In conclusion, CMCA NPs and α-KAMCA NPs exhibit promising roles as nanocarriers for therapeutics, prolonging the plasma half-life and improving tumor accumulation of the encapsulated drug, thus drastically inhibiting tumor growth in a syngeneic mouse model of breast cancer. This study also demonstrated significantly reduced drug availability in healthy organs and tissues with no significant difference in blood biochemistry in NP-treated mice in comparison to untreated ones.

Supplementary Materials

The following are available online at https://www.mdpi.com/2072-6694/12/1/161/s1, Table S1: Organ distribution of free DOX, DOX-loaded CA NPs, DOX-loaded CMCA NPs, and DOX-loaded α-KAMCA NPs at 2 h of treatment (n = 5), Table S2: Organ distribution of free DOX, DOX-loaded CA NPs, DOX-loaded CMCA NPs, and DOX-loaded α-KAMCA NPs at 24 h of treatment (n = 5), Table S3. Estimation of serum drug concentration following an intravenous injection of free DOX, DOX–CA NPs, DOX–CMCA NPs, and DOX–α-KAMCA NPs (n = 5), Table S4. Weight of different organs of mice from tumor-bearing untreated mice group, only DOX-treated group, and DOX-loaded NP-treated group (n = 5).

Author Contributions

S.M.H. performed all the test experiments, developed the protocol to accomplish the experiments, analyzed the data, and prepared the initial draft of the manuscript, while E.H.C. originally designed the project and edited the manuscript. S.A.Z.A. helped to establish the protocol and to perform the liquid chromatography and mass spectrometry (LC/MS).
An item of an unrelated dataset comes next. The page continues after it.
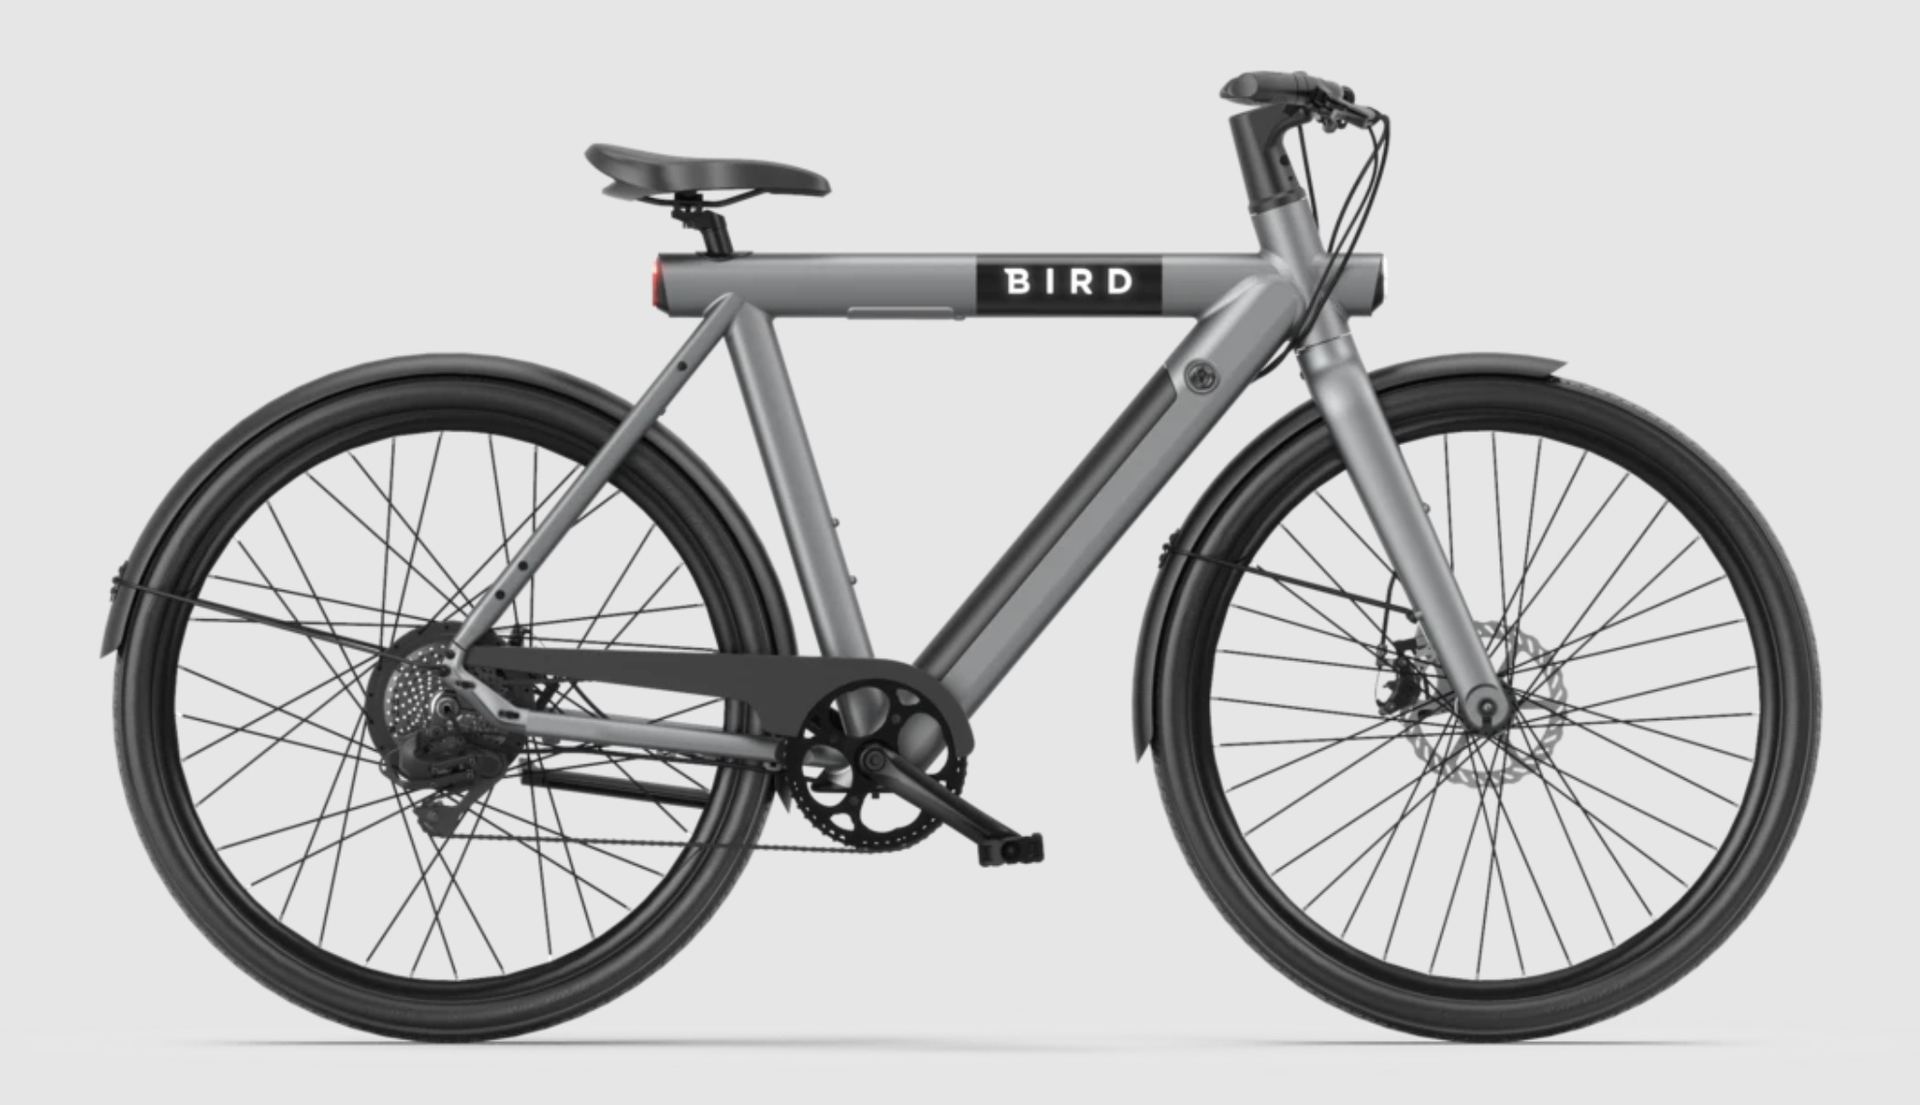 Bird is expanding its business strategy with a cheap e-bike | Electric ...
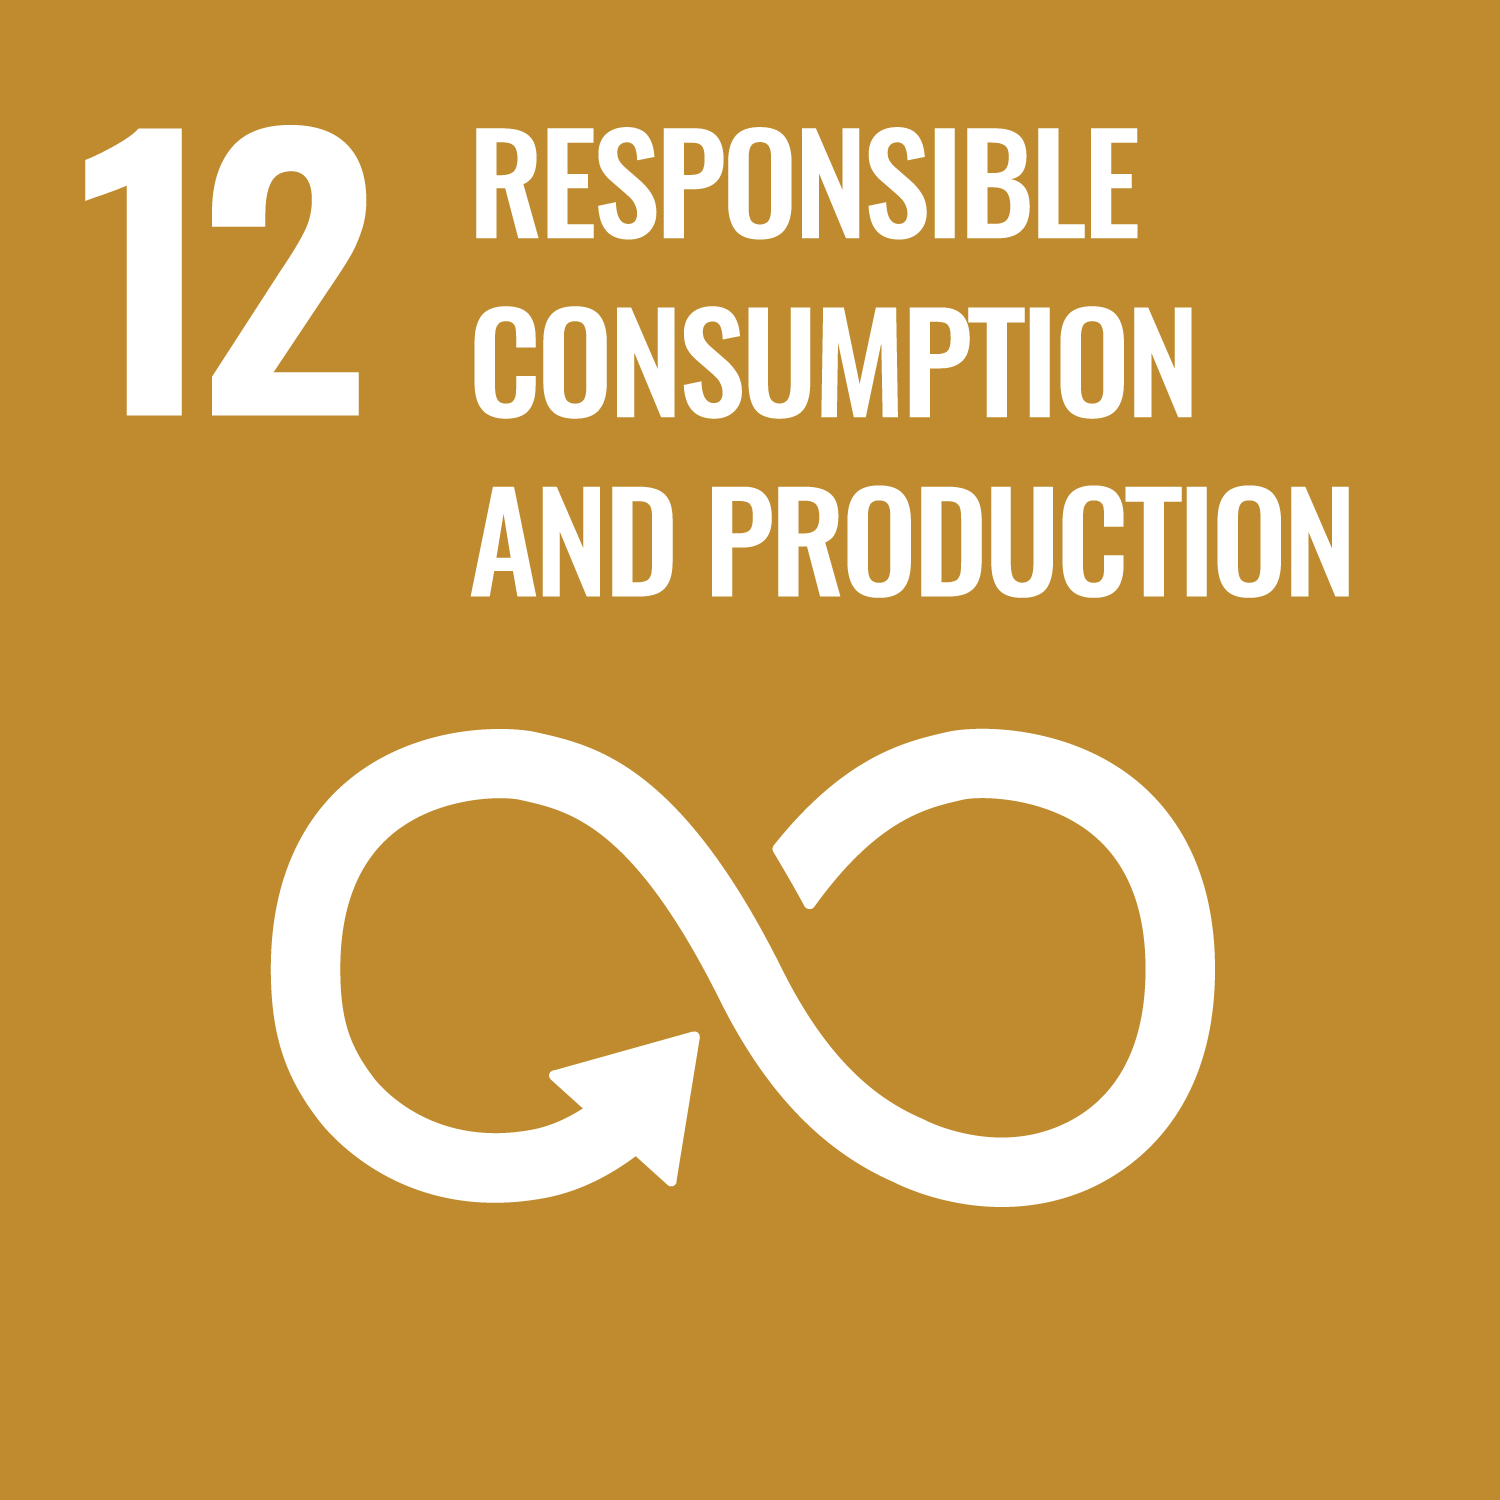 SDGs12.RESPONSIBLE CONSUMPTION AND PRODUCTION

All authors have read and agreed to the published version of the manuscript.

Funding

The project was funded by an FRGS grant from the Ministry of Education, Malaysia (FRGS/1/2018/STG05/MUSM/02/3) and a grant (GA-HW-19-S01) from the Health and Wellbeing cluster, Global Asia in the 21st Century (GA21) Platform.

Conflicts of Interest

The authors confirm no competing interests.